A 1D Radiative Transfer Benchmark with Polarization via Doubling and Adding
B.D. Ganapol

TL;DR
This paper presents a highly precise numerical solution for the 1D radiative transfer equation with polarization, using a doubling and adding method with convergence acceleration, and updates benchmark results to high precision.
Contribution
It introduces a novel, highly accurate numerical method for polarized radiative transfer in 1D media, improving benchmark precision and handling complex scattering and heterogeneity.
Findings
Benchmark solutions updated to 7 decimal places for reflectance and transmittance.

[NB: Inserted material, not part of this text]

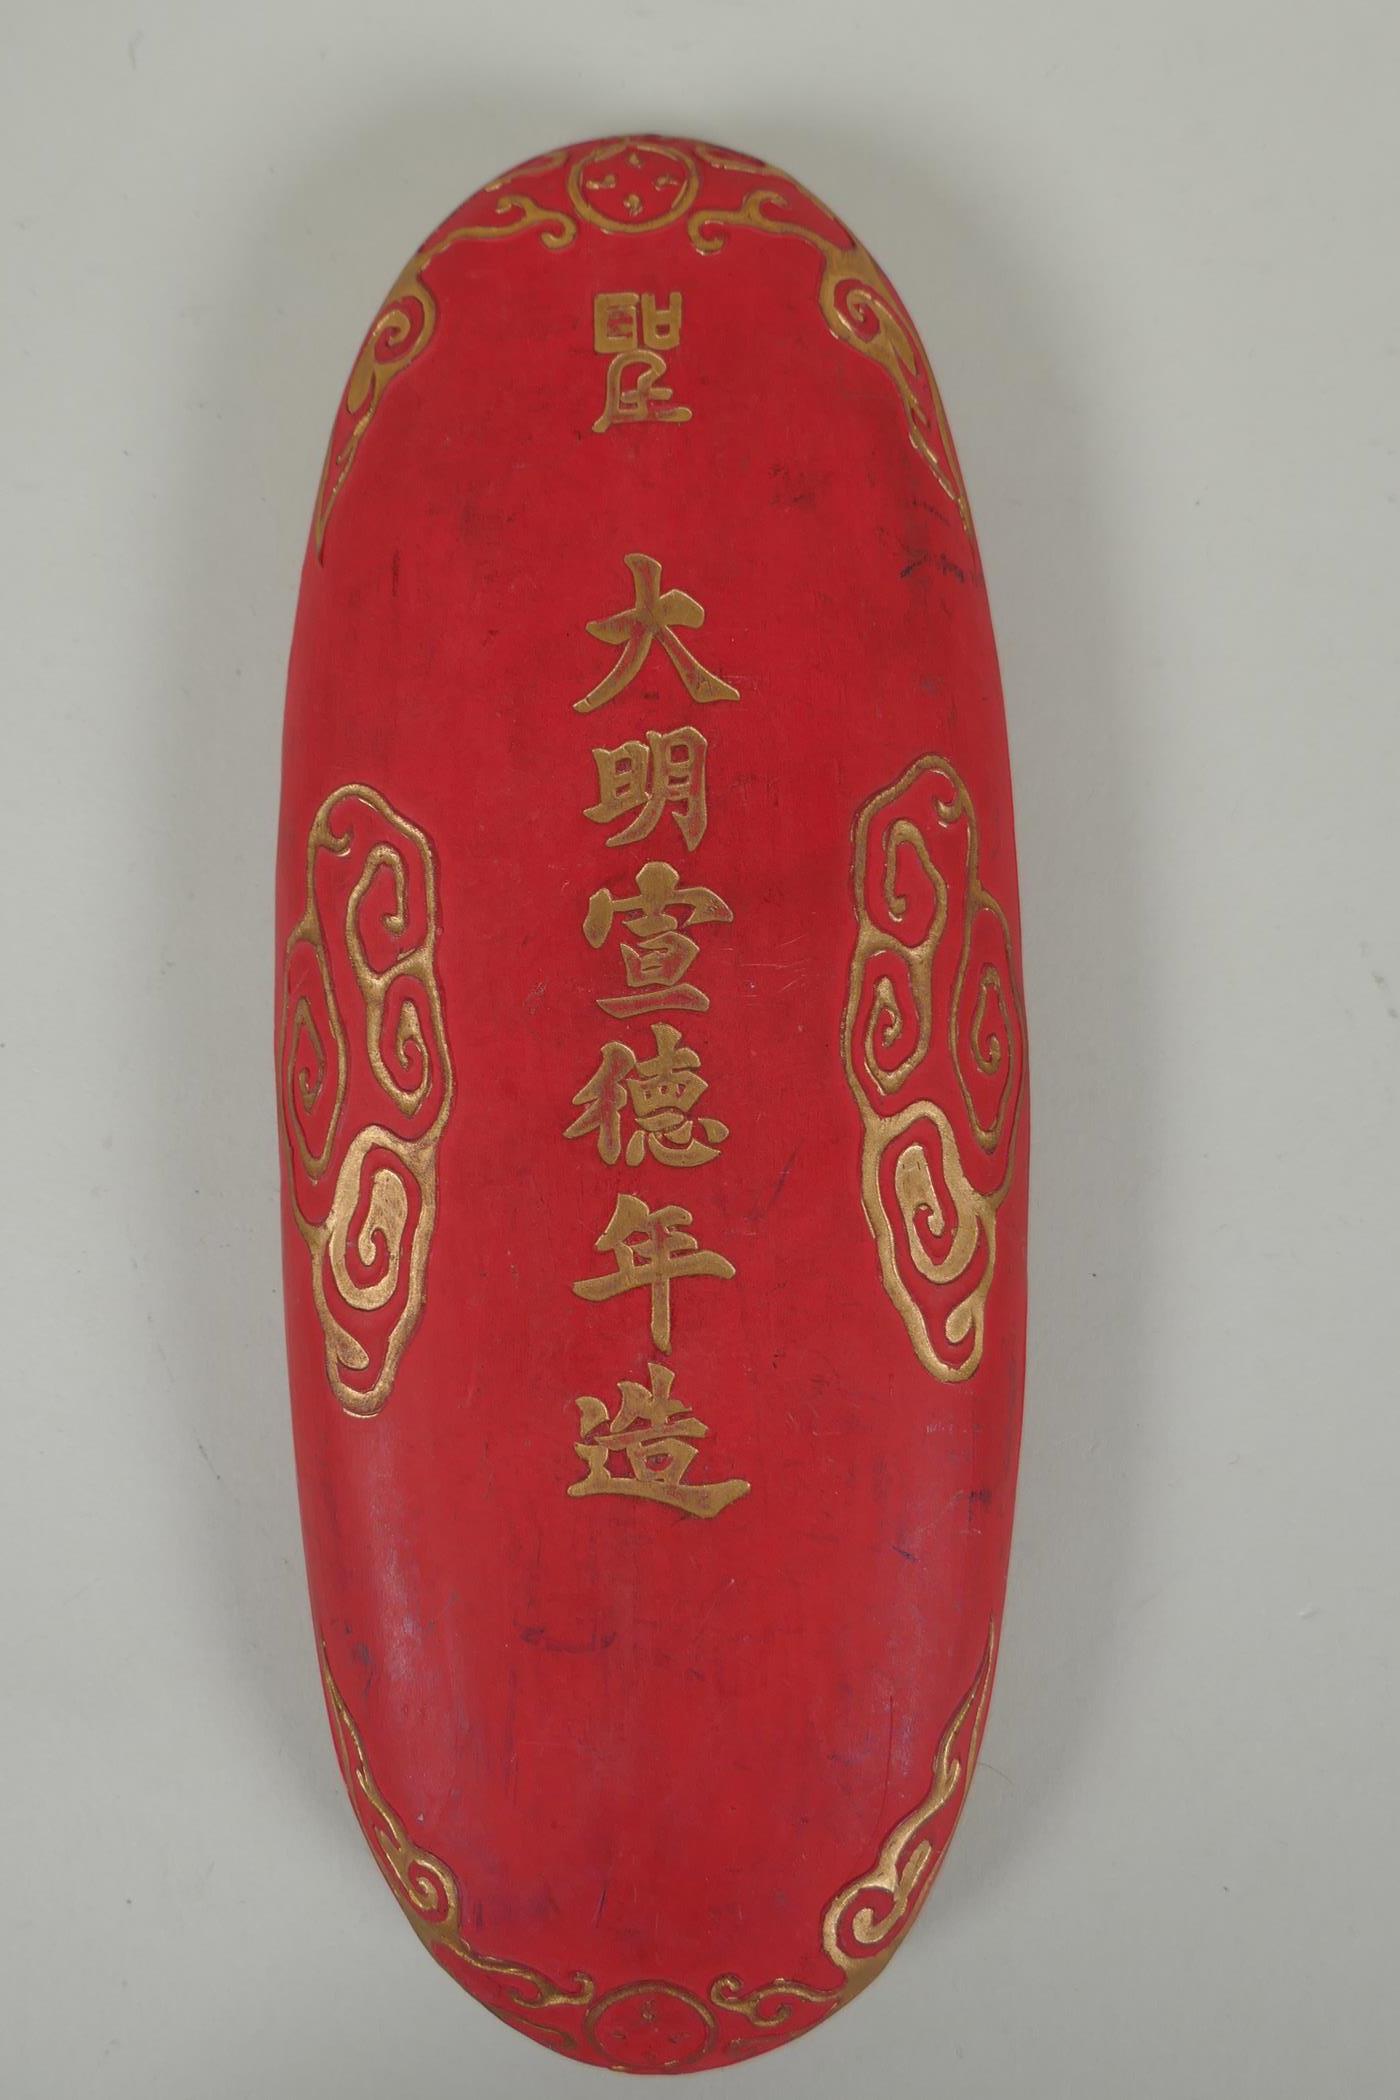 A Chinese red and gilt ink stone/block with raised dragon and character inscription decoration, 10 x - Image 2 of 2

Method achieves high-precision solutions for polarized radiative transfer.
Successfully applied to heterogeneous media with partial absorption.
Abstract
Highly precise numerical solutions to the radiative transfer equation with polarization present a special challenge. Here, we establish a precise numerical solution to the radiative transfer equation with combined Rayleigh and isotropic scattering in a 1D-slab medium with simple polarization. The 2- Stokes vector solution for the fully discretized radiative transfer equation in space and direction derives from the method of doubling and adding enhanced through convergence acceleration. Updates to benchmark solutions found in the literature to 7 places for reflectance and transmittance as well as for angular flux follow. Finally, we conclude with the numerical solution in a partially randomly absorbing heterogeneous medium.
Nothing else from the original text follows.